Knowledge Graph: Requires detailed analysis of code entities (classes, functions, modules) and their relationships (calls, imports, inheritance) to build a comprehensive graph representation of codebases.
Codebase Chat Context / Embeddings: Needs to parse code to create meaningful chunks (e.g., by class or function) for generating embeddings used in semantic search and AI-driven chat features.
Language Server / IDE Features: Must analyze code (including uncommitted local changes) to provide real-time feedback, navigation, and context-aware assistance directly to the developer.

Discussions between the Knowledge Graph and Codebase Chat Context sub-teams revealed overlapping requirements for static analysis. tree-sitter is the core dependency identified for parsing across multiple languages.

Building sophisticated static code analysis capabilities in silos leads to several problems:

Duplicated Effort: Teams may build and maintain separate parsing logic, wasting engineering resources.
Inconsistency: Different parsers might produce varying results or support different language features/versions, leading to inconsistent user experiences across features.
Maintenance Overhead: Maintaining multiple parsing systems increases the long-term burden on engineering.
Client-Side Challenges: Providing features that react to local code changes (e.g., in the Web IDE or via Language Servers) requires efficient, potentially client-side parsing.
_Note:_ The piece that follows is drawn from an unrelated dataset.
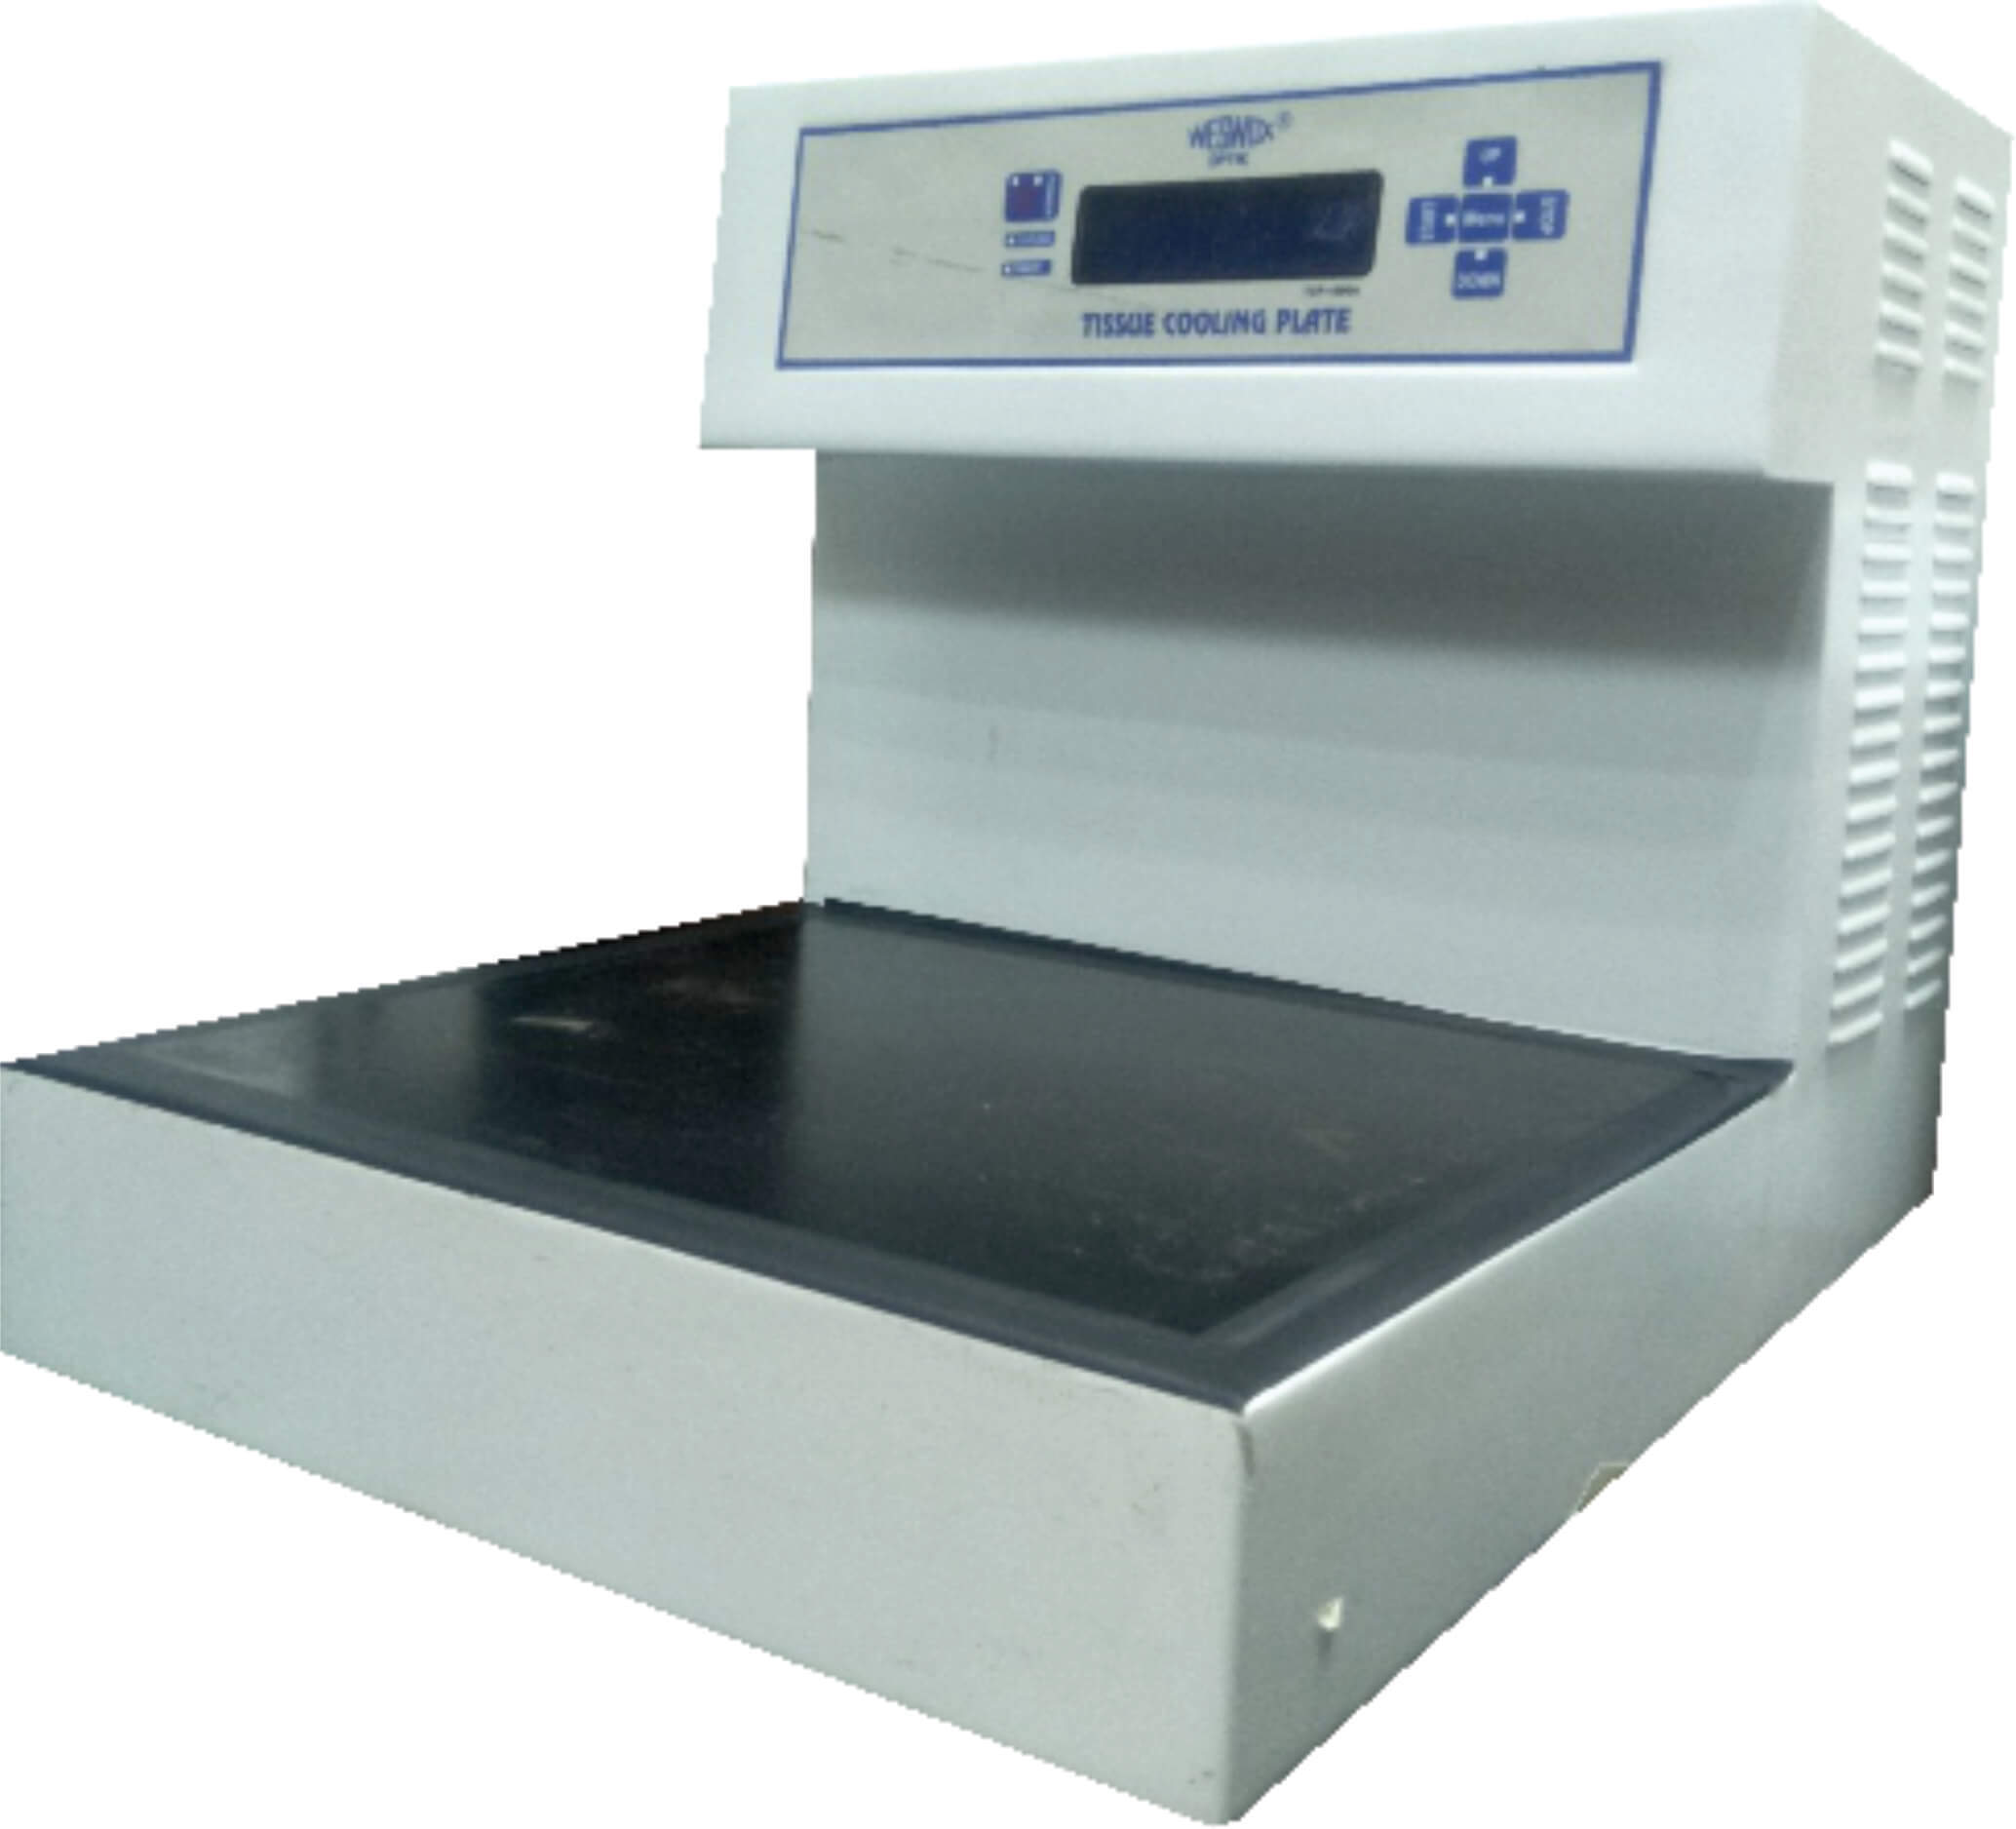 TISSUE COOLING PROCESSOR

Integrating server-only parsing solutions with local changes is complex and often leads to stale results.

A unified approach is needed to provide a consistent, maintainable, and performant foundation for code analysis across GitLab, capable of running both server-side and client-side.

Proposed Solution: Rust Library

We propose building "One Parser": A shared static code analysis library implemented in Rust.

Core Characteristics:

Project: project name TBD, but we could call it gitlab-code-parser
Exports: a crate, WASM Bindings, and other interop requirements.
Parsing Engine: Leverages the tree-sitter library and its ecosystem of language grammars.
Design: A largely stateless library. It will accept source code content (as a string) and the language identifier as input.
Output: Returns structured information derived from the Abstract Syntax Tree (AST), such as class/function definitions, imports/exports, method calls, resolved aliases, etc. The exact output structure will need to be defined based on the requirements of initial consumers (Knowledge Graph, Embeddings, Language Server).
Versioning: The library will be versioned to allow consuming applications (e.g., Knowledge Graph indexer, Embeddings indexer, Language Server) to adopt updates independently.

Why Rust?

Rust directly addresses the core requirements of building a performant, reliable, and versatile static analysis library suitable for both server-side and client-side deployment within GitLab.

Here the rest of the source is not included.